- _What you need to do_:
Wherever an image appears in the data, omit it and copy all the remaining text word for word.

- _Information shown_:
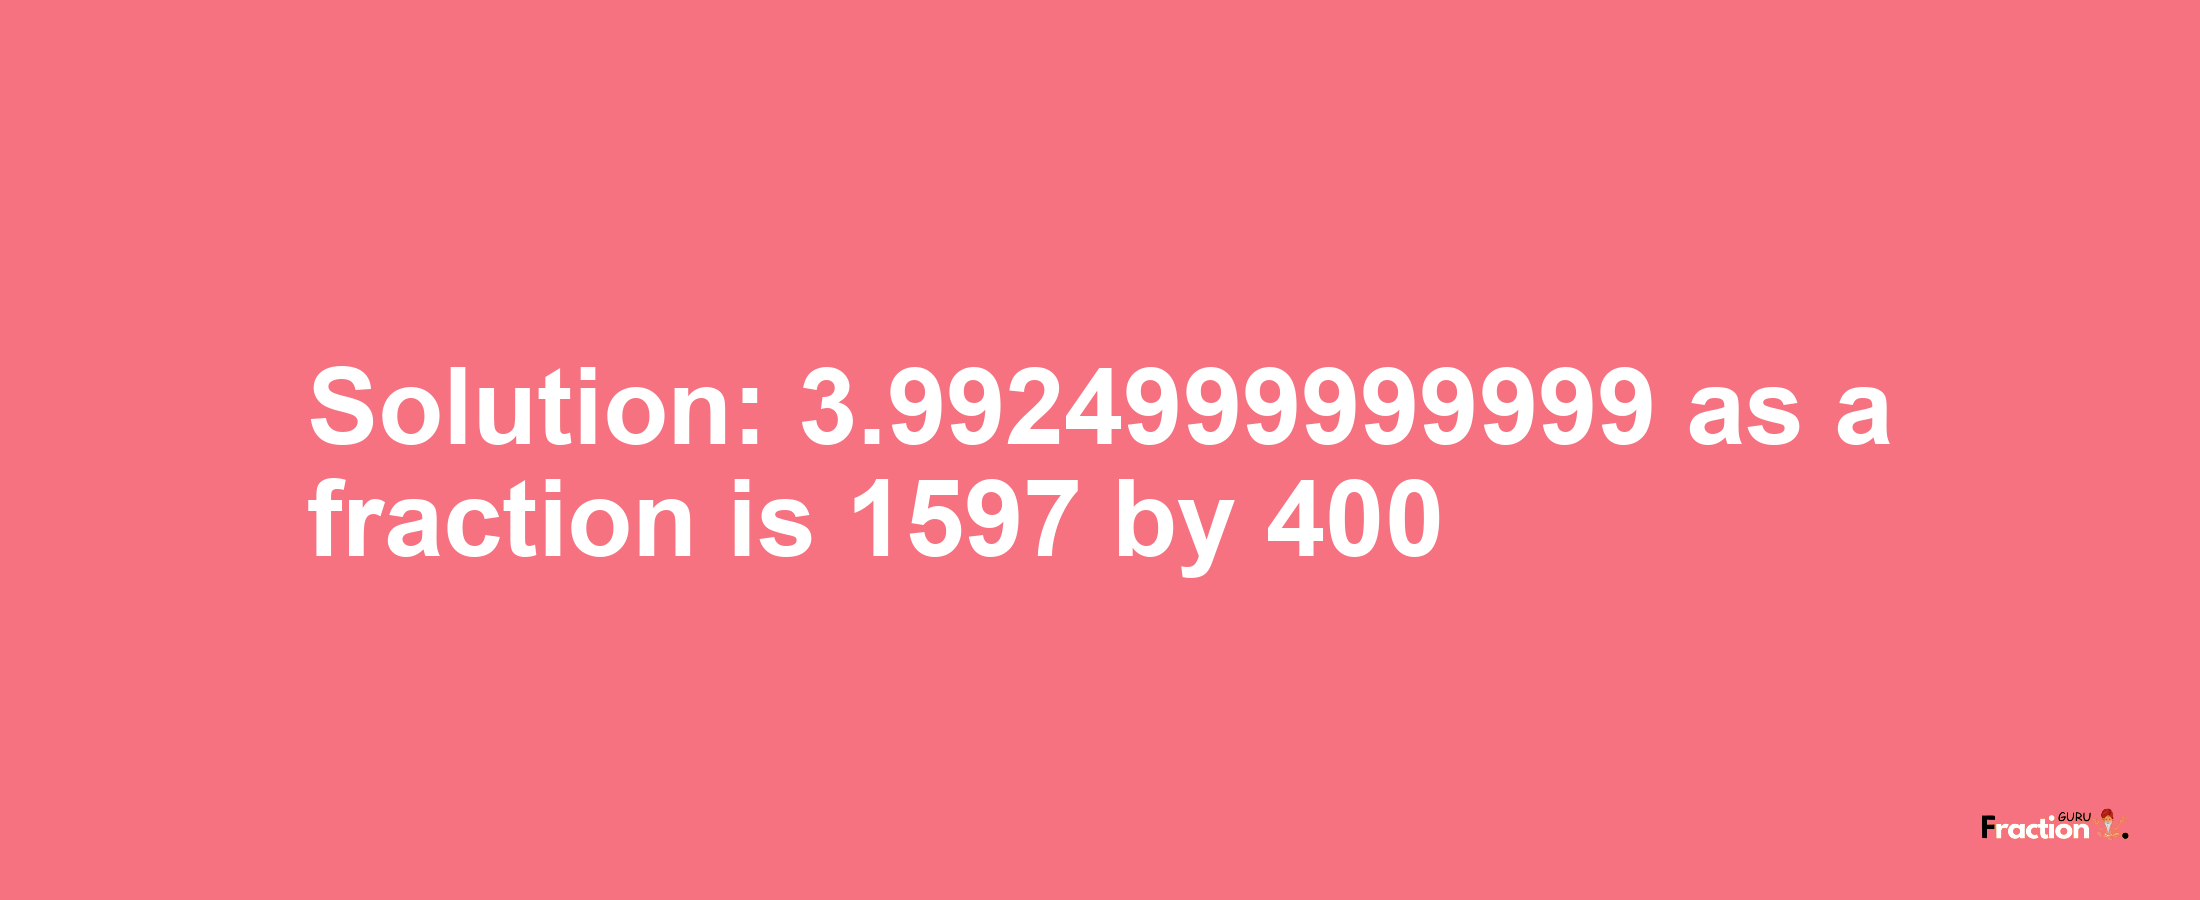 Solution:3.9924999999999 as a fraction is 1597/400
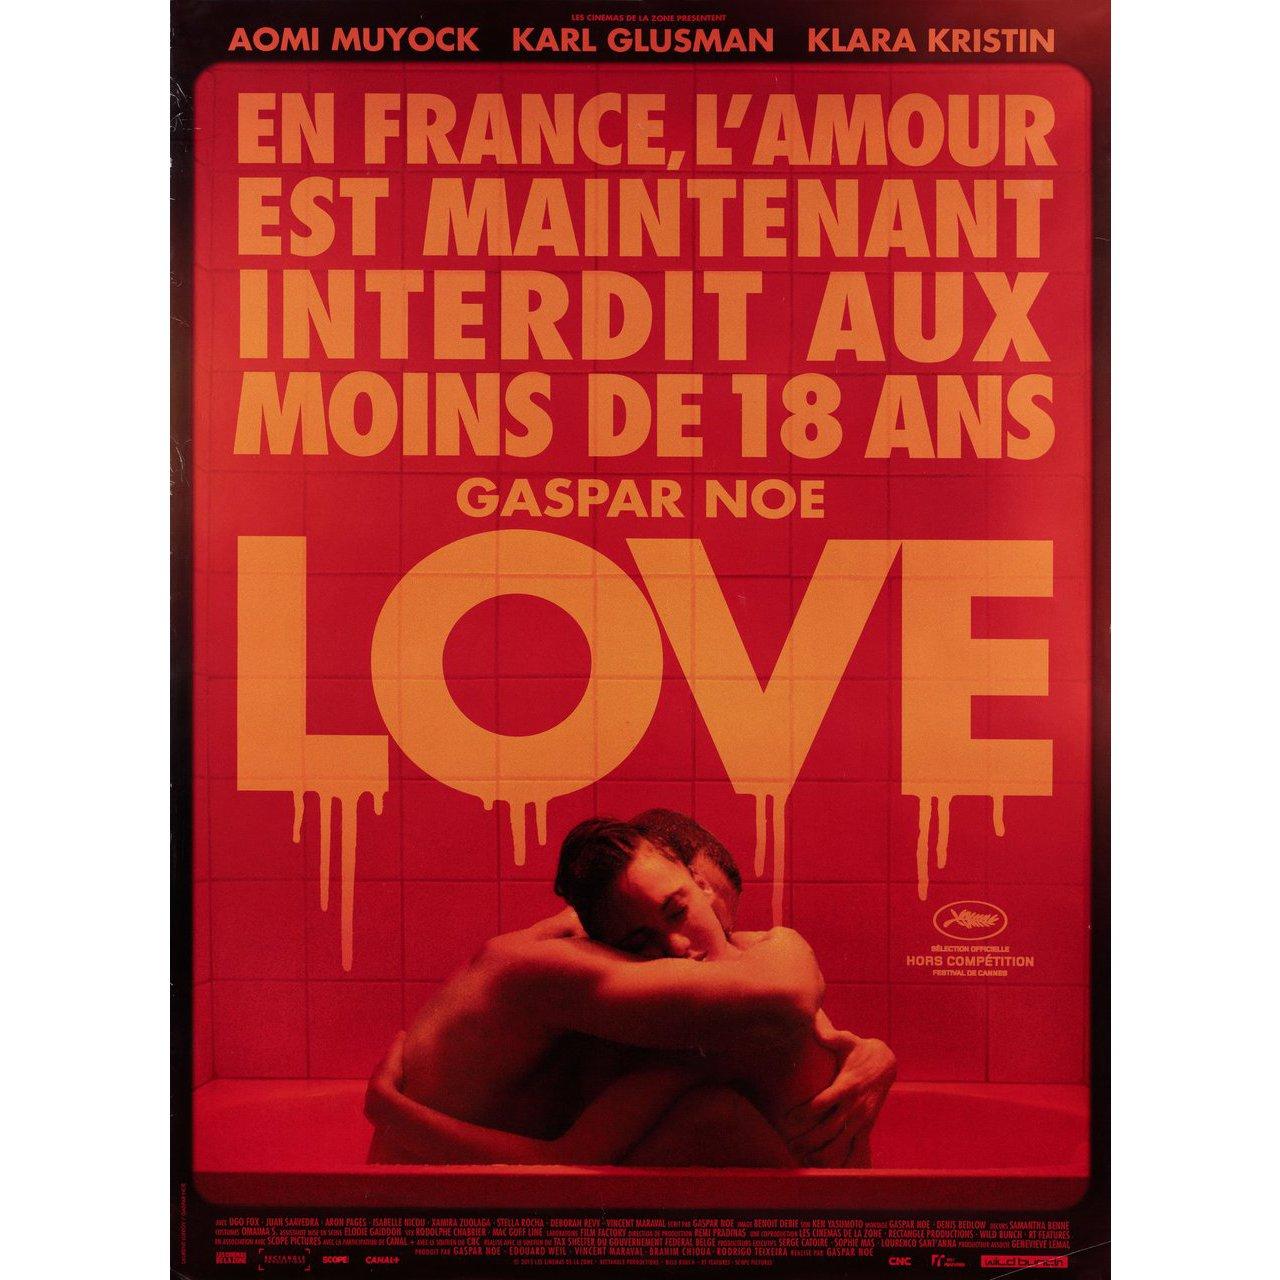 Original 2015 French grande poster by Laurent Lufroy for the film Love directed by Gaspar Noe with Aomi Muyock / Karl Glusman / Klara Kristin. Very Good-Fine condition, rolled. Please note: the size is stated in inches and the actual size can vary
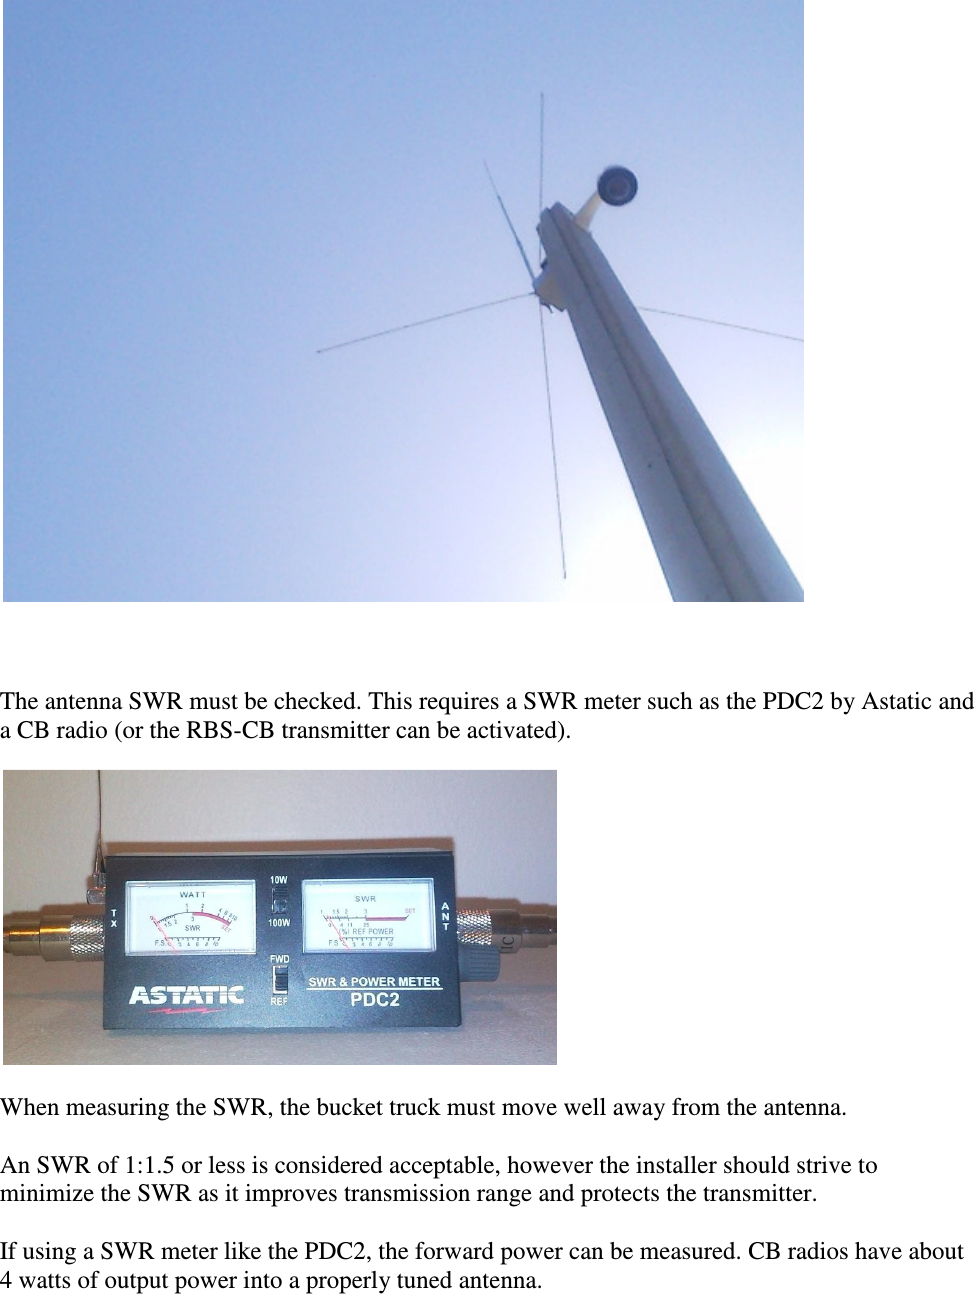     The antenna SWR must be checked. This requires a SWR meter such as the PDC2 by Astatic and a CB radio (or the RBS-CB transmitter can be activated).   When measuring the SWR, the bucket truck must move well away from the antenna.  An SWR of 1:1.5 or less is considered acceptable, however the installer should strive to minimize the SWR as it improves transmission range and protects the transmitter.   If using a SWR meter like the PDC2, the forward power can be measured. CB radios have about 4 watts of output power into a properly tuned antenna.   
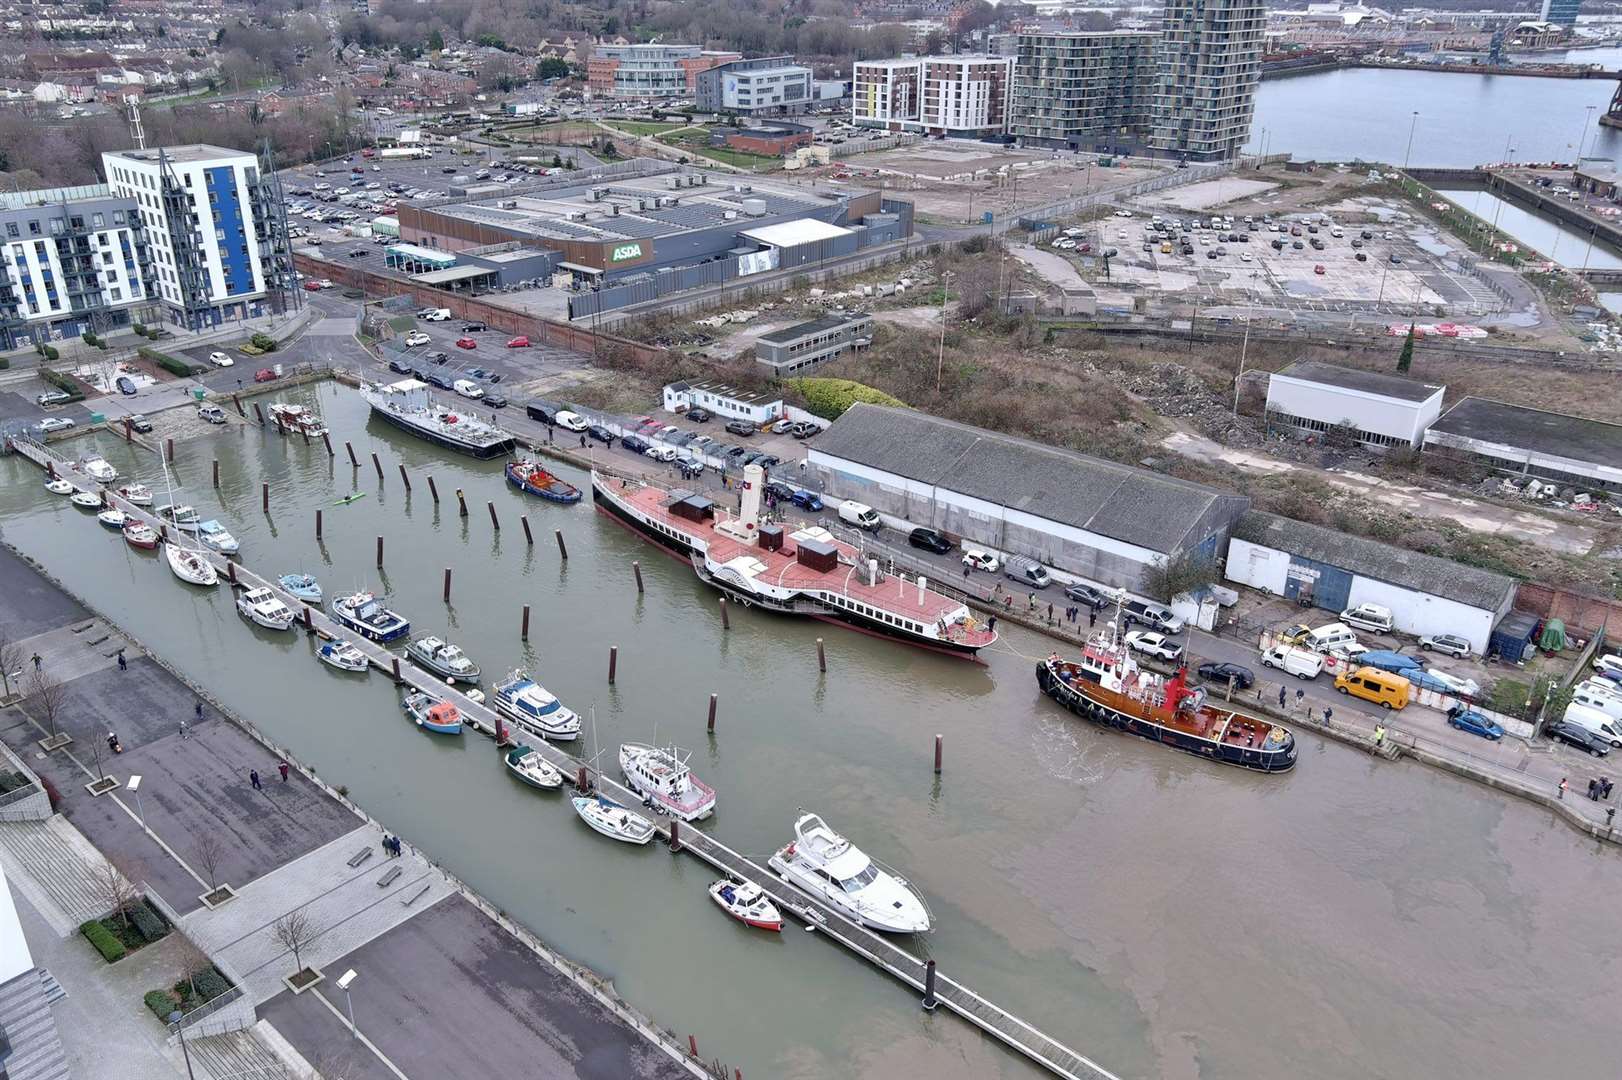 The Medway Queen is home Picture: Geoff Watkins - Aerial Imaging South East

- _Output for this task_:
 Solution:3.9924999999999 as a fraction is 1597/400
 Original 2015 French grande poster by Laurent Lufroy for the film Love directed by Gaspar Noe with Aomi Muyock / Karl Glusman / Klara Kristin. Very Good-Fine condition, rolled. Please note: the size is stated in inches and the actual size can vary
     The antenna SWR must be checked. This requires a SWR meter such as the PDC2 by Astatic and a CB radio (or the RBS-CB transmitter can be activated).   When measuring the SWR, the bucket truck must move well away from the antenna.  An SWR of 1:1.5 or less is considered acceptable, however the installer should strive to minimize the SWR as it improves transmission range and protects the transmitter.   If using a SWR meter like the PDC2, the forward power can be measured. CB radios have about 4 watts of output power into a properly tuned antenna.   
 The Medway Queen is home Picture: Geoff Watkins - Aerial Imaging South East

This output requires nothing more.